EF 70-300 f/4-5.6 IS USM

These lens tests are designed to show you what a rank amateur can do with these lenses.
Very little adjustment has been done to these images and, where indicated, actual straight-from-the-camera images are provided.
In other words, if "I" can get these results, you should be able to, as well.

If you bought a DSLR with the normal kit lens, one of your first lens wishes might be a telephoto zoom for a bit longer reach. An attractive range is 70mm to 300mm, as evidenced by Canon's own three different models (along with an affordable 75-300mm lens). This page will discuss the EF 70-300mm f/4-5.6 IS USM, current retail $649.99.

First impression

There is certainly an excitement in having 300mm reach at your disposal for the first time. Whether you're a birder or out to capture other long-range critters (like sporting events), you'll probably be more interested in the 300mm part of this lens, rather than the 70mm end. But would you believe that the maximum 300mm setting may not be the best? There seems to be a "sweet spot" on the long end, beyond which you should not go. For my own specimen, I find that it helps to back it off just a bit to around 280mm.

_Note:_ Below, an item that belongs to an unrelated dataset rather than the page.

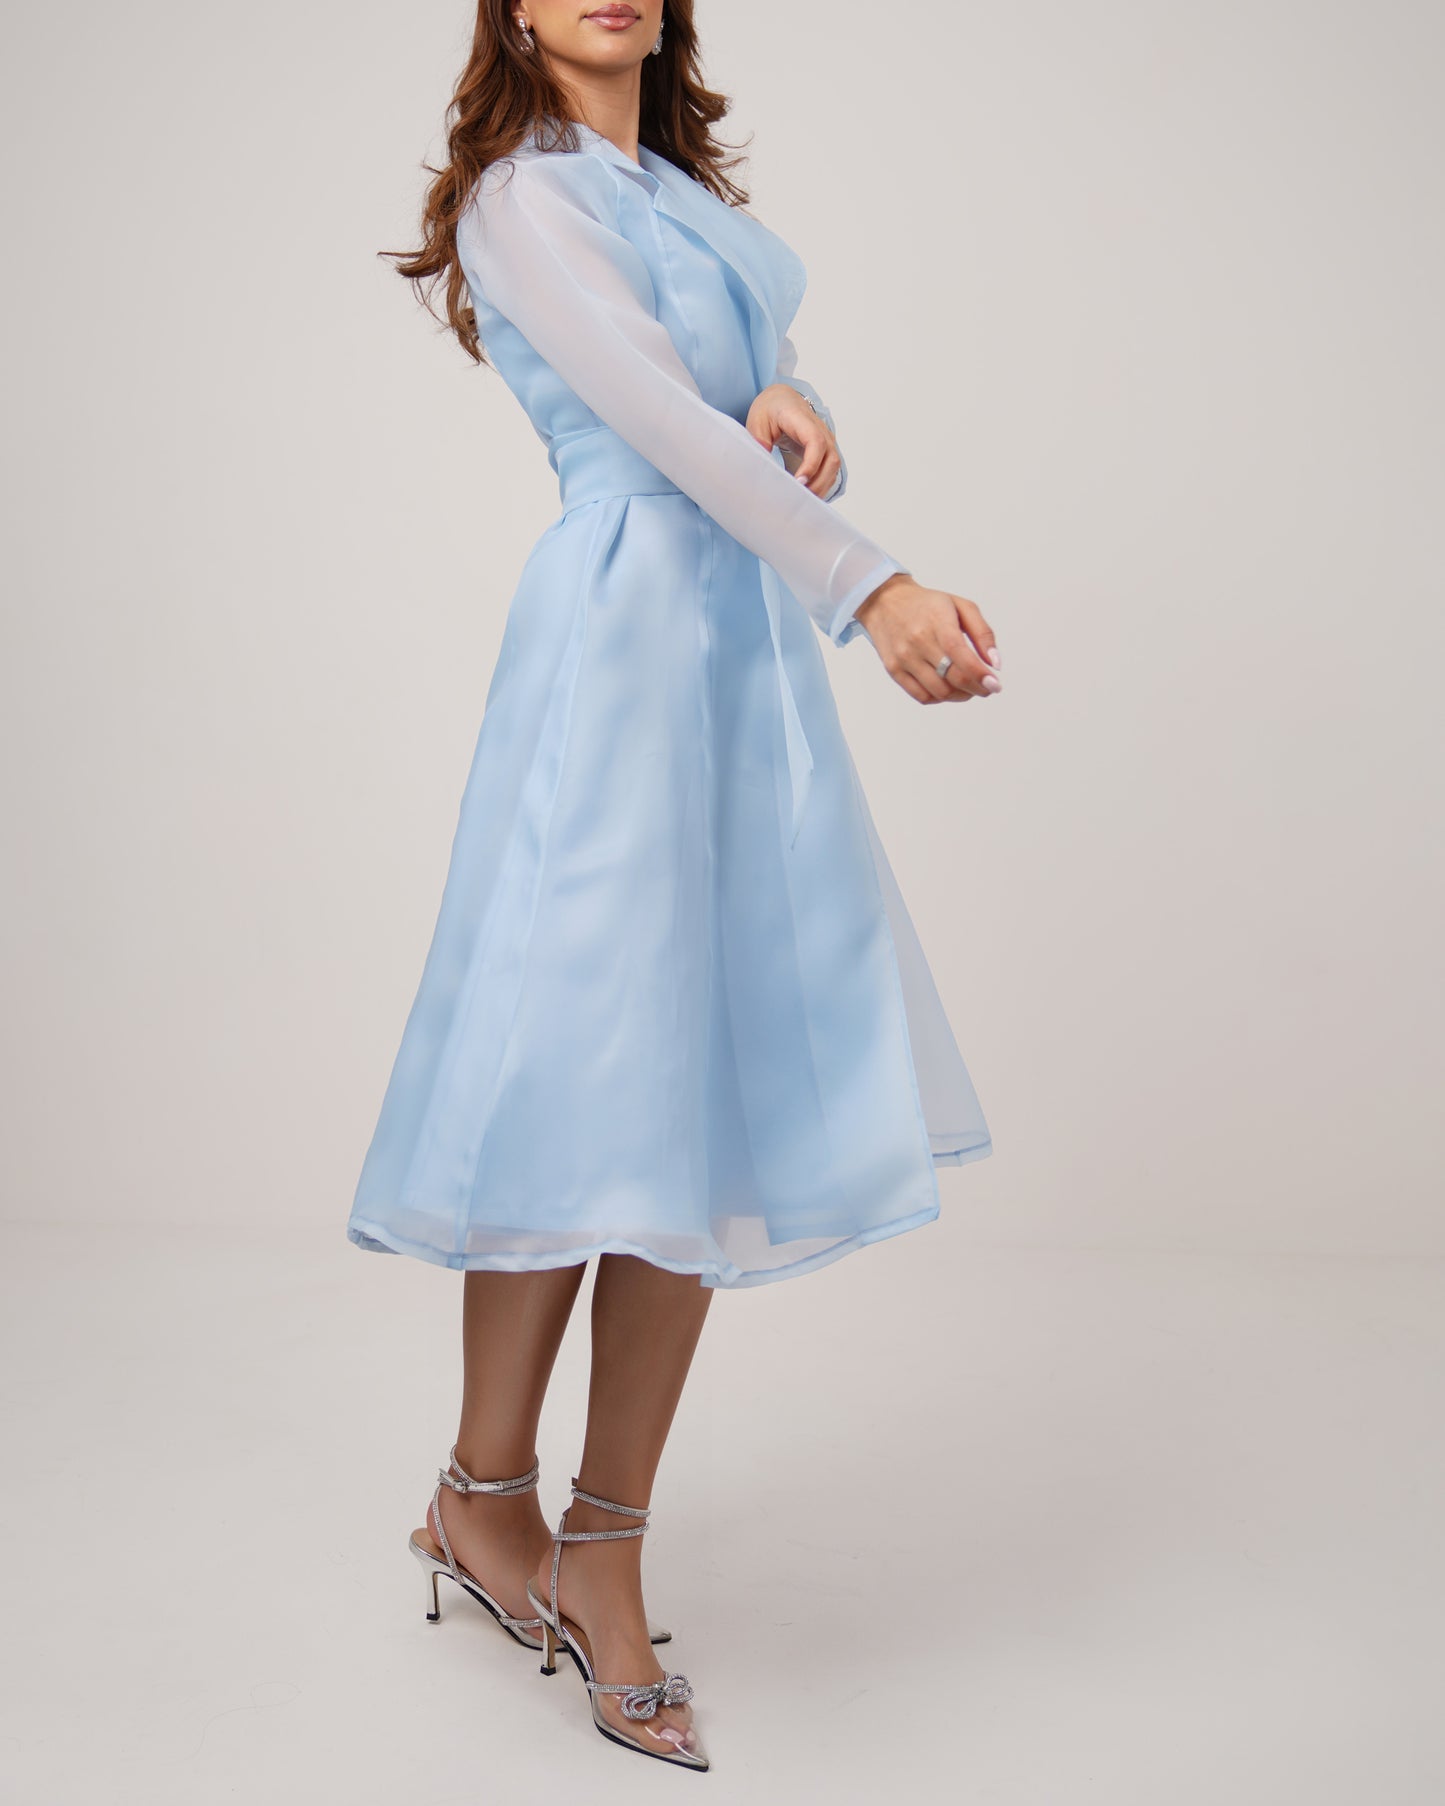 Satin dress toped with organza belted jacket

This lens is surprisingly light and easy to carry all day (as opposed to the L series version, almost twice the weight).

Note: Canon also has the DO (diffractive optics) variant of this lens with image stabilization for $1399.00, and an L series entry at $1349.00.

This telephoto lens was the first lens that I ordered after buying the Rebel XT and 18-55mm kit lens. All of my reading suggested that this would be a fine telephoto zoom for my purposes. Then again, this lens was the reason behind my Real World Lens Tests. When I started taking photos with this lens, I was frustrated to find that I wasn't getting the beautiful, tourist-postcard images that I'd seen during my research online. It dawned on me that digital post-processing was at least as important as digital photography. The osprey sitting atop this page has been cropped, sharpened, color enhanced, with some mild manipulation in light. The bird was a good 80 feet from the camera (handheld). Still, more often than not, I would wish for more clarity, sharper details from this lens.

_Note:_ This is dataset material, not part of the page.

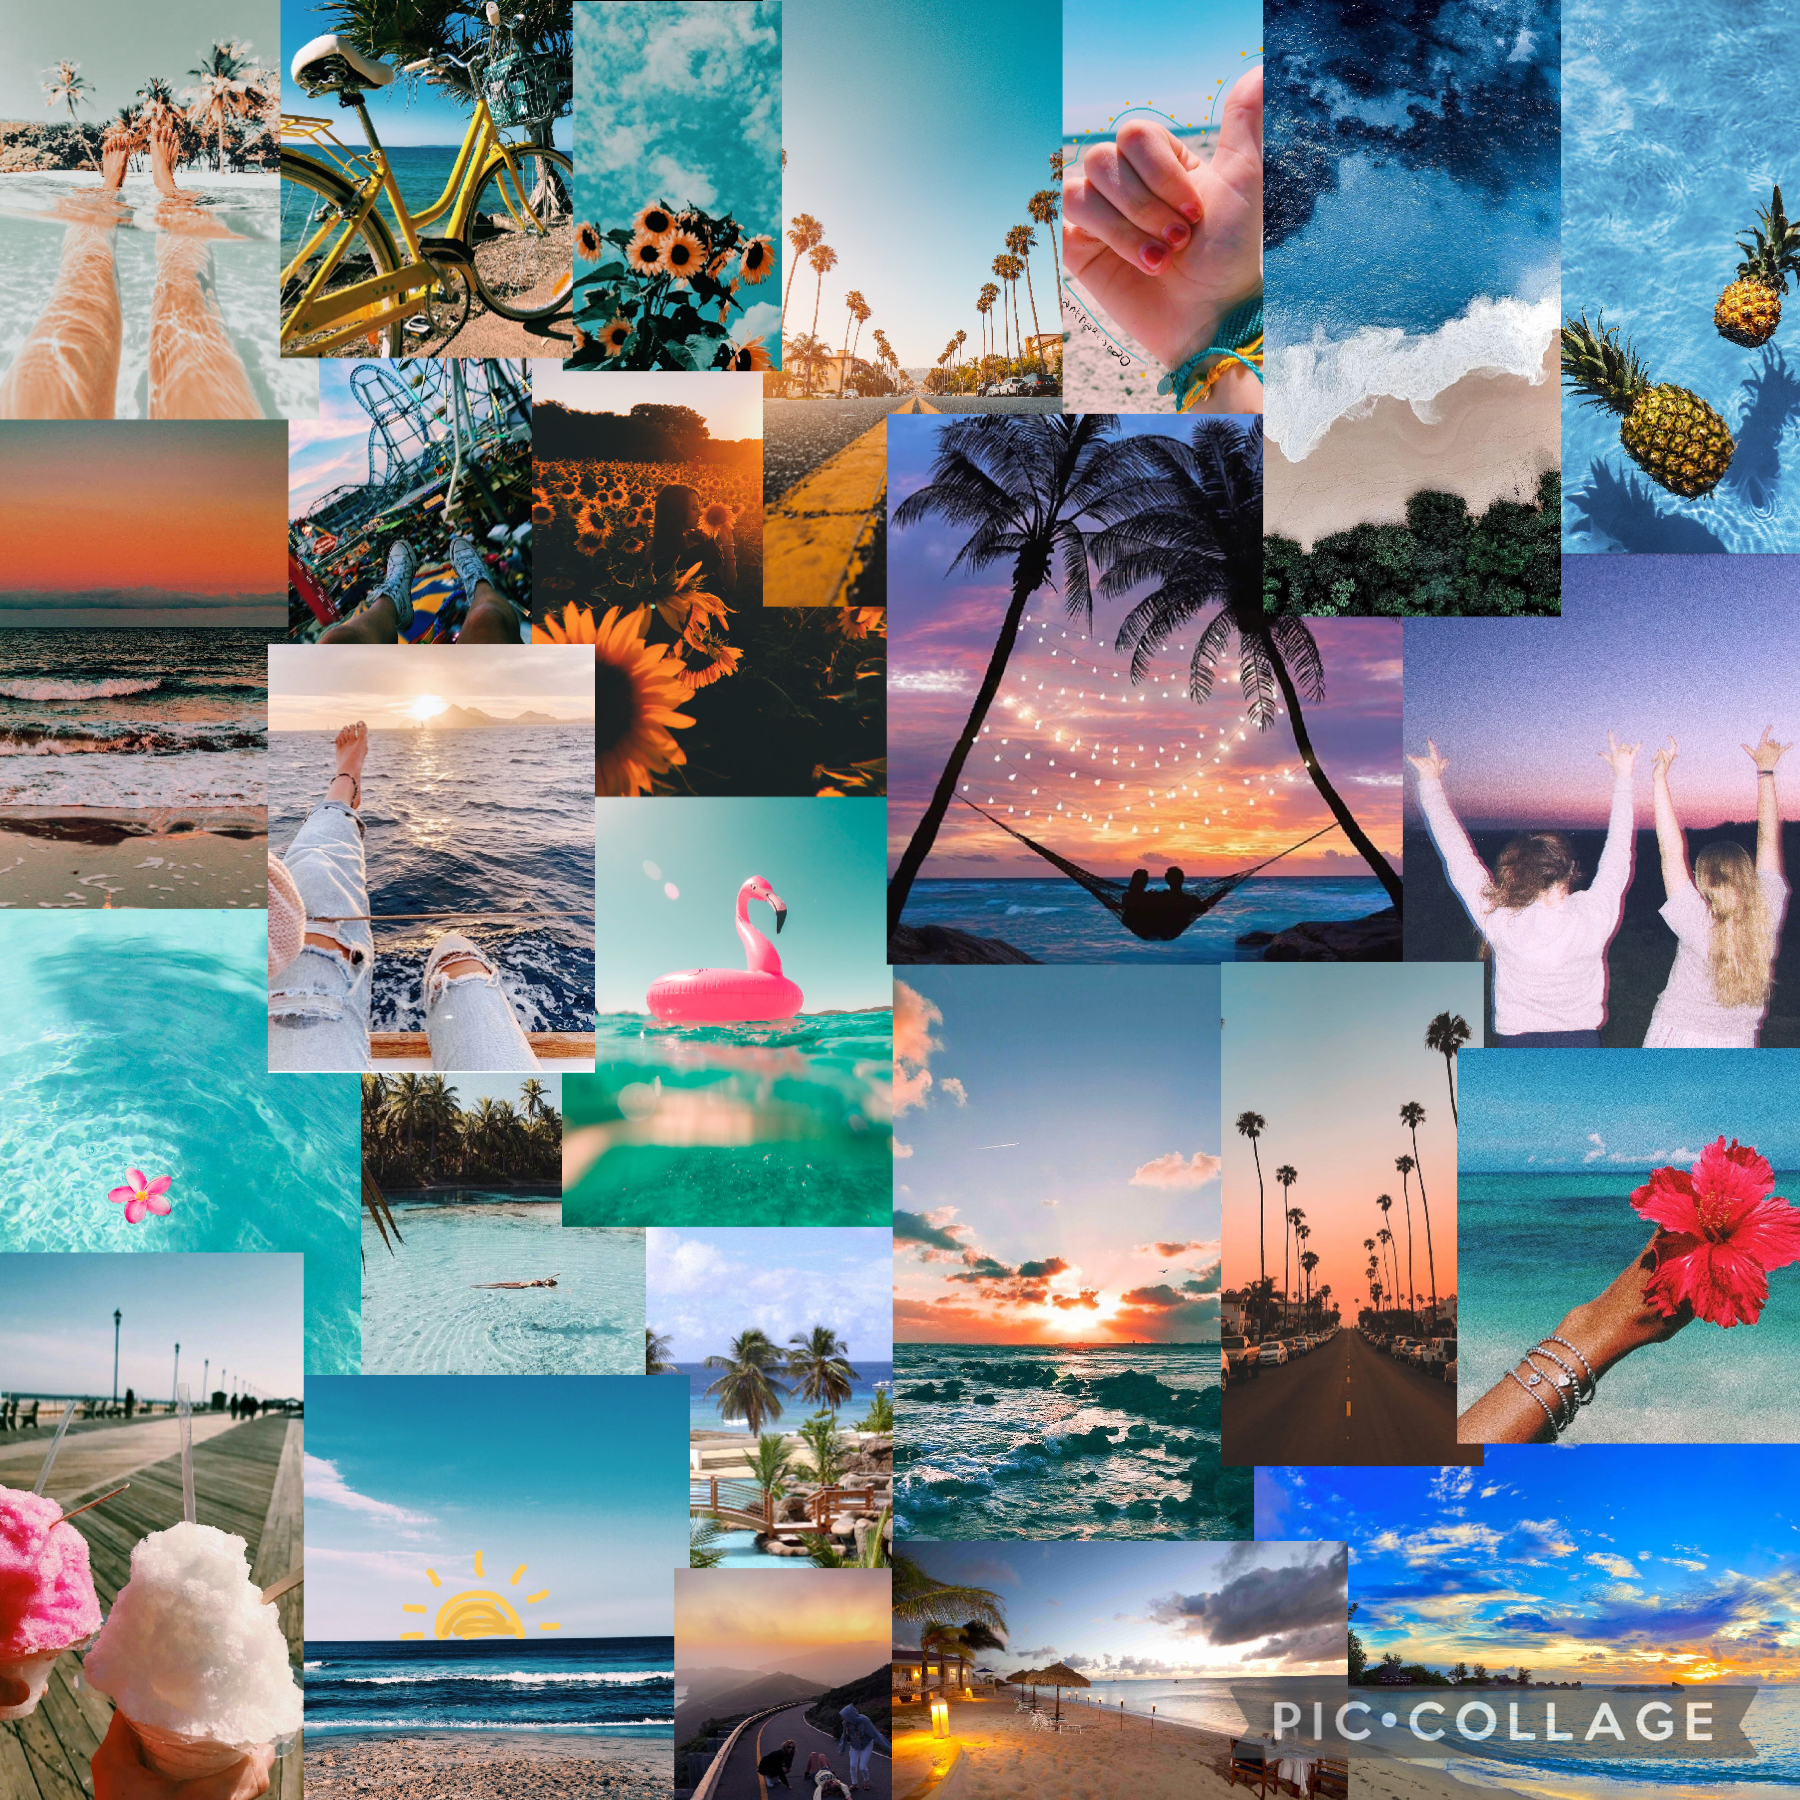 SUMMERS ON THE WAY GUYS so excited just letting you know comment on this post to enter the aesthetic collage giveaway tell me your aesthetic and I will pick on person to make a collage for also whoever comments on my post will get a follow back if I am  n

On the barrel are switches to choose from two stabilizer modes and to turn stabilizer on or off, a switch for auto/manual focus, and a lens lock (without which the lens slides in and out fairly easily).

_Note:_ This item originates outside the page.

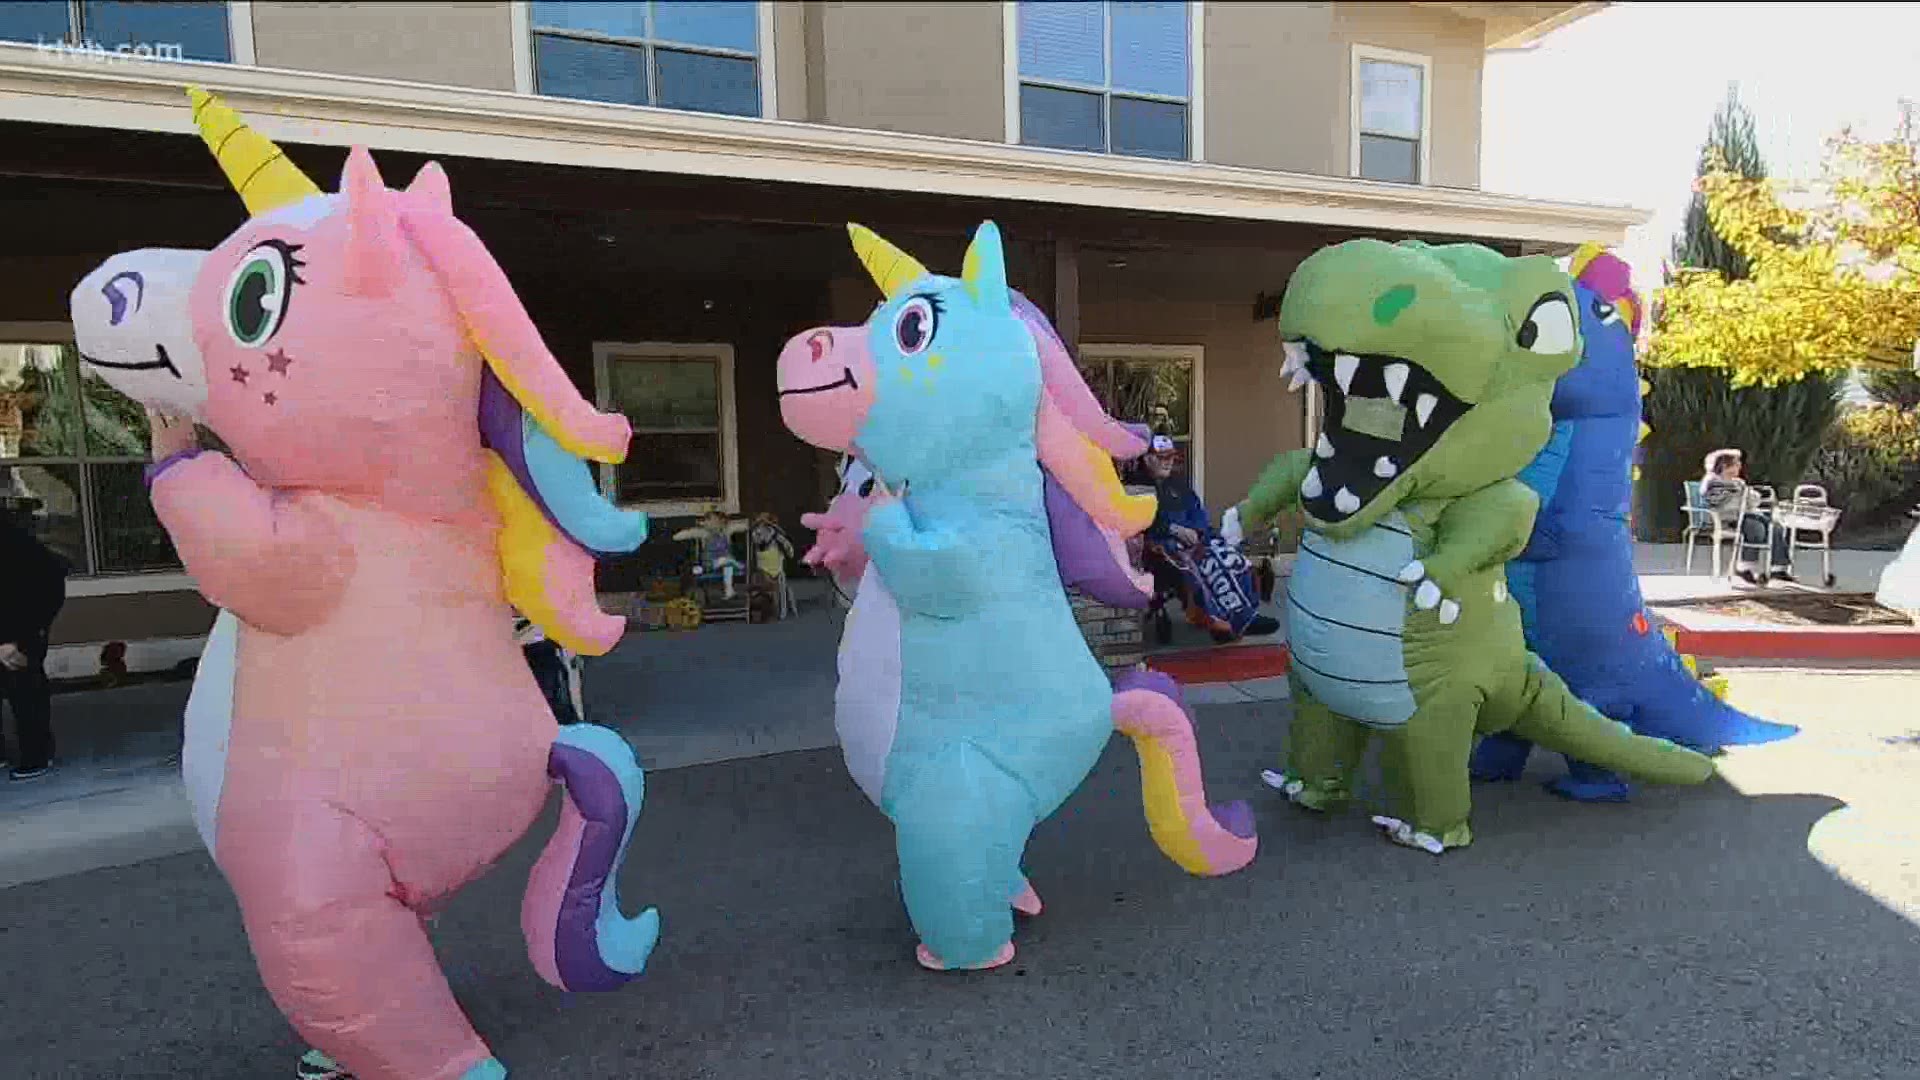 Healthcare Share Treasure Valley organized a parade for seniors in care facilities, but this parade included something a bit unusual that made the residents smile.

The minimum focus distance in this case is just about five feet from lens to subject. You won't be using this one for close-ups. But what I discovered when walking around with a telephoto zoom lens is that my eyes were alway looking off to the distance. Basically, what I "see" is in part determined by which lens I was carrying at the time.

f/13, 0.6sec., ISO200, 250mm at a distance of about 75 feet

Following are a few of my earliest photos with this lens, from back in 2006

f/6.3, 1/160, ISO200, 75mm

f/5.6, 1/640, ISO200, 70mm

f/5.6, 1/500, ISO200, 70mm

SAMPLES: See a slideshow of various images from the 70-300mm telephoto zoom

Canon User Manual for the 70-300mm, for those who want it (PDF)

bottom line

This lens is "okay." I've taken a lot of bad photos with this lens, and every once in a while it did well enough to keep me satisfied. In hindsight, I would have held onto my money until I could afford L-series glass, and in double hindsight, I would have saved up for the 100-400 L lens. This lens has sat on the shelf ever since I bought the L-series model. But if you absolutely have to have a telephoto zoom lens today and this is the one you can afford, take a look at the accompanying slideshow above, and you be the judge.